The current seroprevalence study provides information on proportion of the population exposed, but the correlation between presence and absence of antibodies is not a marker of total or partial immunity. It must also be noted that more than 90 percent of the population is still susceptible for COVID-19 infection. Hence, non-pharmaceutical interventions like respiratory hygiene, physical distancing, hand sanitization, usage of personal protective equipment such as masks and implementation of public health measures need to be continued.

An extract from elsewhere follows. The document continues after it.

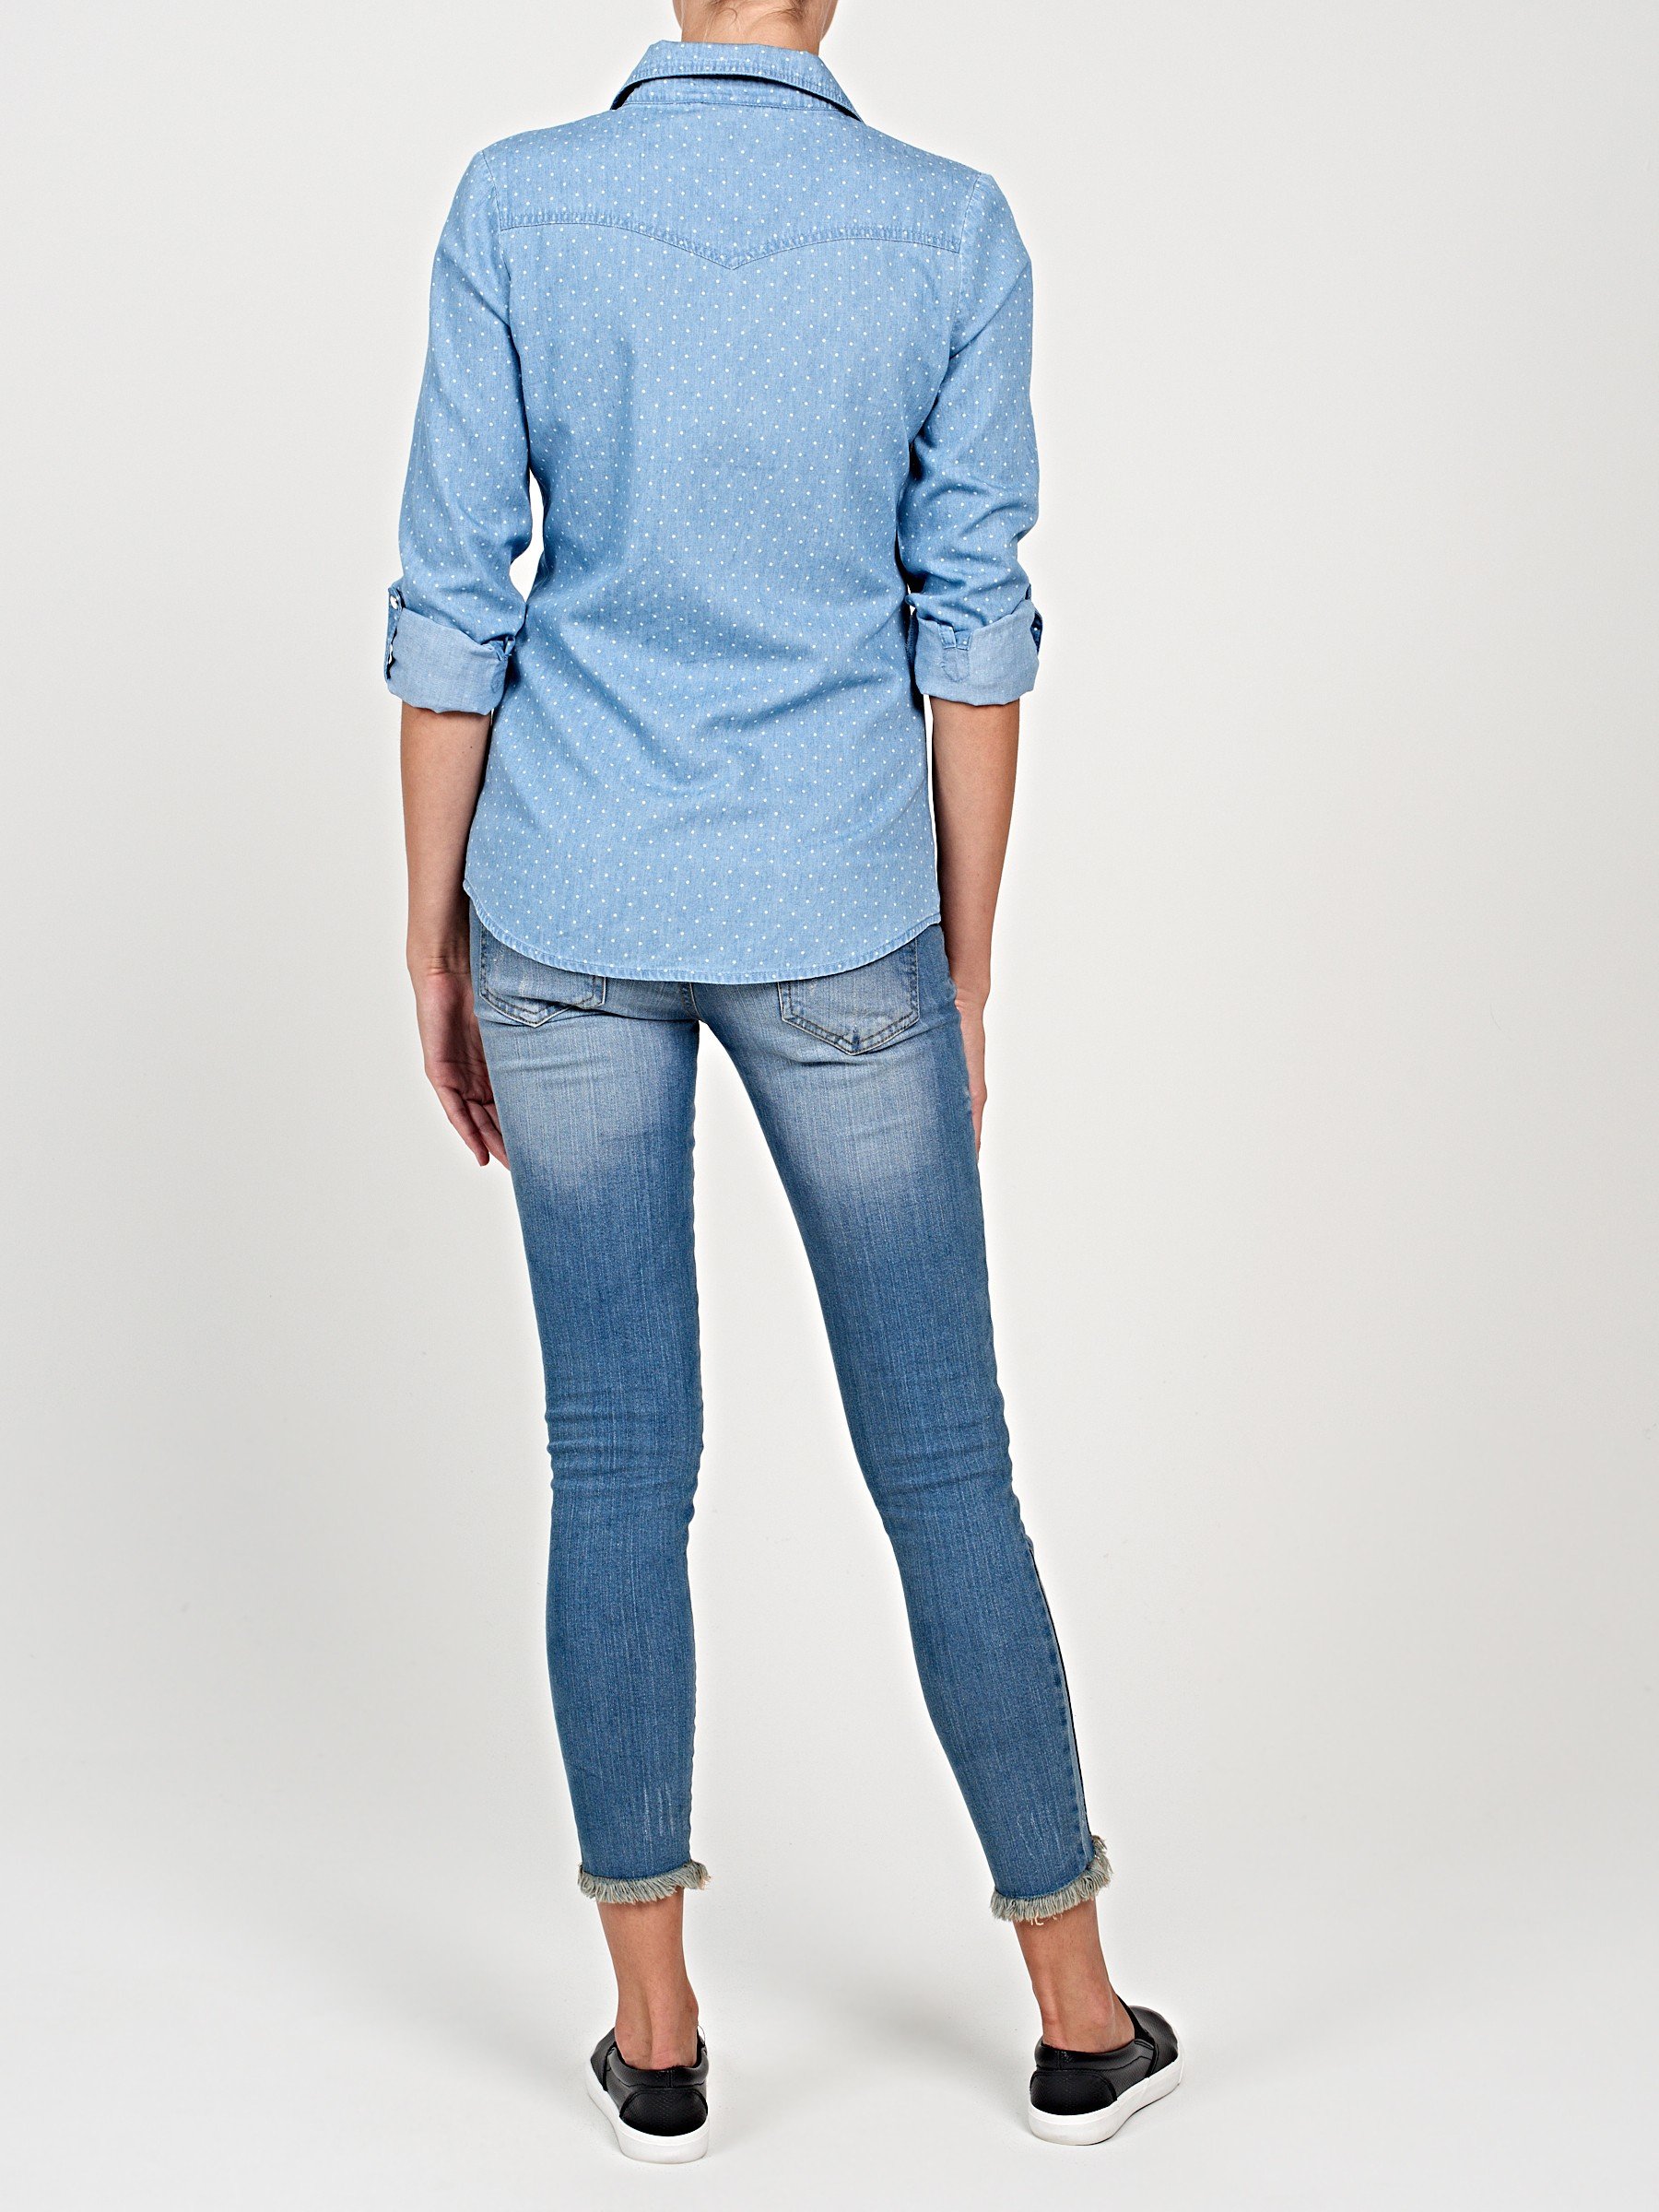 Buy DEAL JEANS Womens Collared Polka Dots Shirt | Shoppers Stop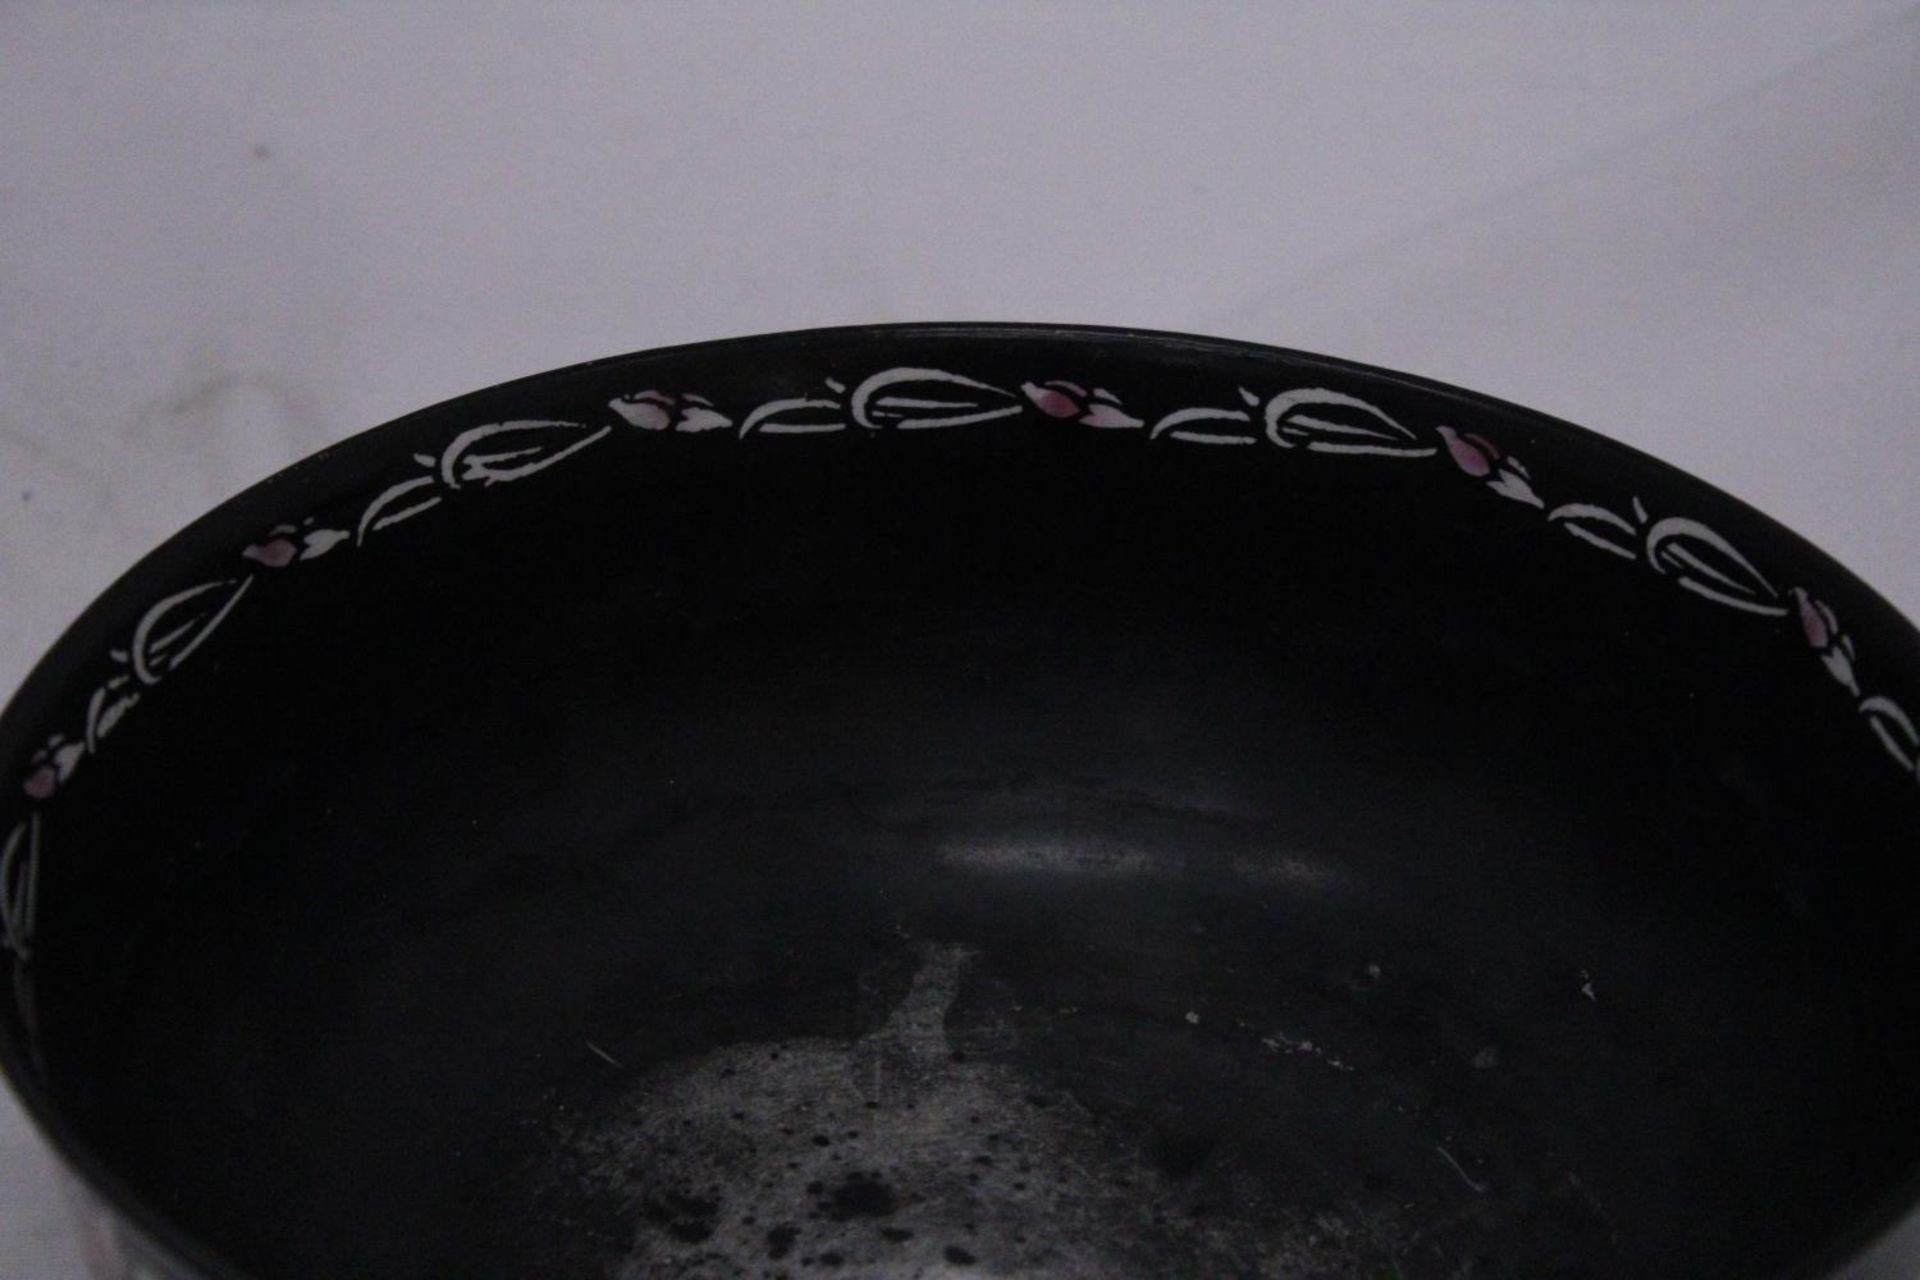 A VINTAGE SHELLEY BOWL, BLACK WITH FLORAL PATTERN, DIAMETER 24CM, SOME PAINTED RUBBED OFF FROM THE - Image 3 of 4

在印度,严重急性呼吸综合征冠状病毒2(SARS-CoV-2)感染的实验室诊断主要基于实时逆转录聚合酶链反应(RT-PCR)。研究表明,病毒载量在症状出现的第一周内达到峰值,但随后可能下降,这会妨碍基于RT-PCR的诊断策略。在存在大量无症状病例证据的高风险筛查策略下,很难进行准确估计。这促使人们呼吁采用抗体检测作为潜在的数据来源。
进行了一项为期15天的横断面研究,样本量为7000,涵盖印多尔市市政公司下属的所有85个病房。采用分层随机抽样收集样本。训练有素的团队收集基本的社会人口统计学信息和血清样本,使用印度医学研究理事会(ICMR)-卡瓦奇IgG酶联免疫吸附测定(ELISA)试剂盒检测样本中是否存在针对2019冠状病毒病(COVID-19)的特异性抗体。使用适当的统计软件对收集到的数据进行整理和分析。
研究人群的总体加权血清阳性率为7.75%。男性和女性的患病率相当(7.91%对7.57%)。60岁以上人群的血清阳性率最高(10.04%)。估计该人群中的感染总数为203160例。总体病例感染率为27.43。
当前的血清阳性率研究提供了关于暴露人群比例的信息,但抗体的存在与否之间的相关性并非完全或部分免疫的标志。还必须指出的是,超过90%的人群仍然易感染COVID-19。因此,诸如呼吸道卫生、保持身体距离、手部消毒、使用口罩等个人防护设备以及实施公共卫生措施等非药物干预措施仍需继续。